The CEO of Watson, Clif McKenzie, identified this tension and the environmental risk surrounding simplified narratives, saying, “We have a number of good stories, but at some point we are probably like a lot of other companies. We run the risk of believing our own story and thinking our story is better than it actually is. But if you’re not going after it every day, it’s just yesterday’s news.” The honest story is decidedly more complicated, but I believe it equips designers and manufacturers with more effective tools against environmental apathy within the industry at-large. The truth acknowledges that sustainability is rarely the yardstick each decision is measured against and that the design-to-distribution pipeline is an ever-shifting network of scales that tip and inform each other with every choice made, meaning the best we can do is find a balance that strives for better.
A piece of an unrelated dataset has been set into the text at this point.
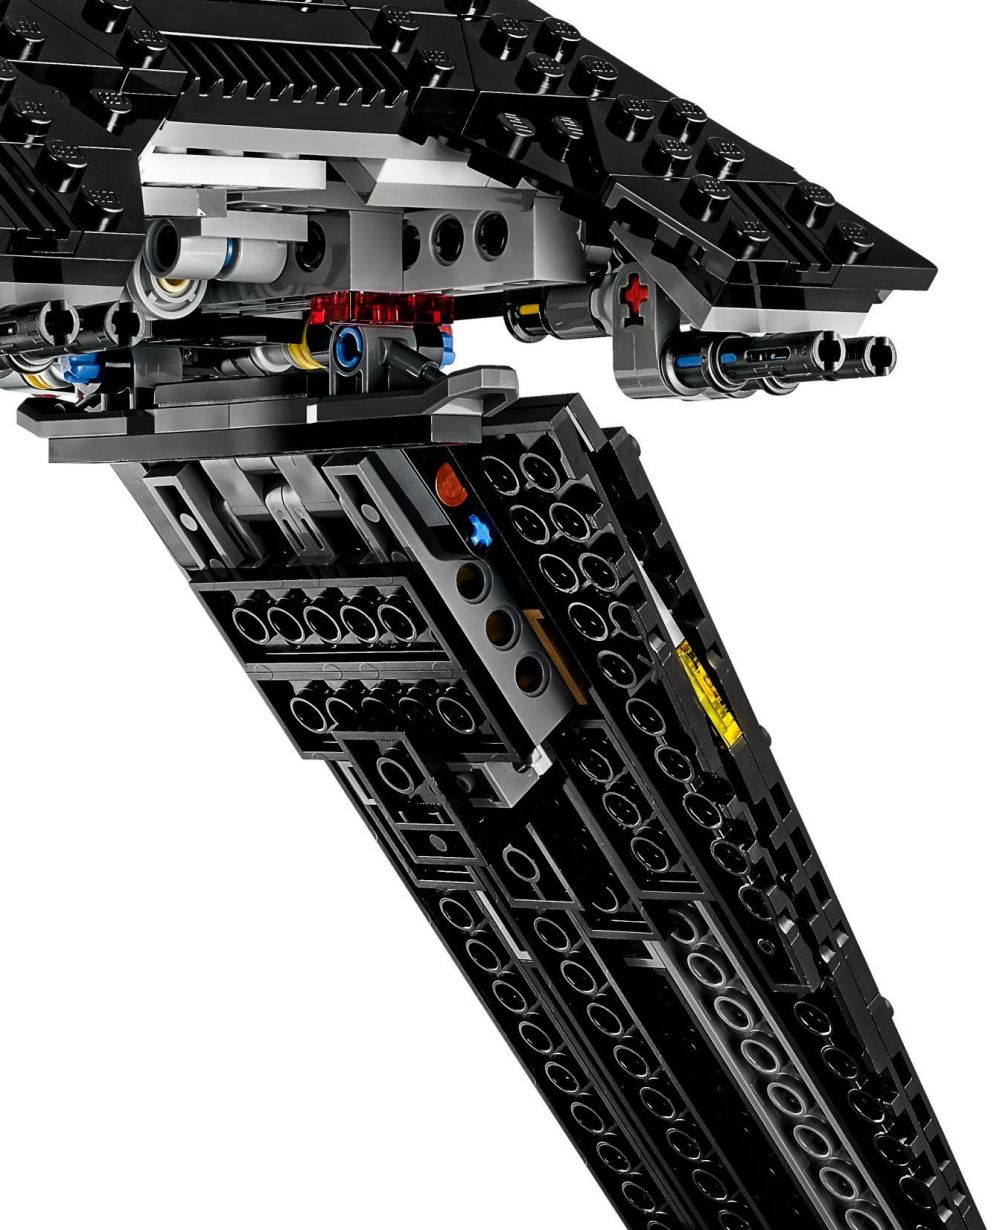 LEGO Star Wars 75156 pas cher, Krennic's Imperial Shuttle

The Messy Truth of Sustainable Design My original intent for this article was to reflect on the commercial furniture collection Haven, which was created in collaboration between Watson and the industrial design duo Mike & Maaike, to share sustainable design techniques and practices with the industry. But over the course of researching and interviewing, it became clear that the story I thought I was telling—a clean narrative about designing products that intentionally incorporate sustainable design choices at every stage of development—wasn’t honest.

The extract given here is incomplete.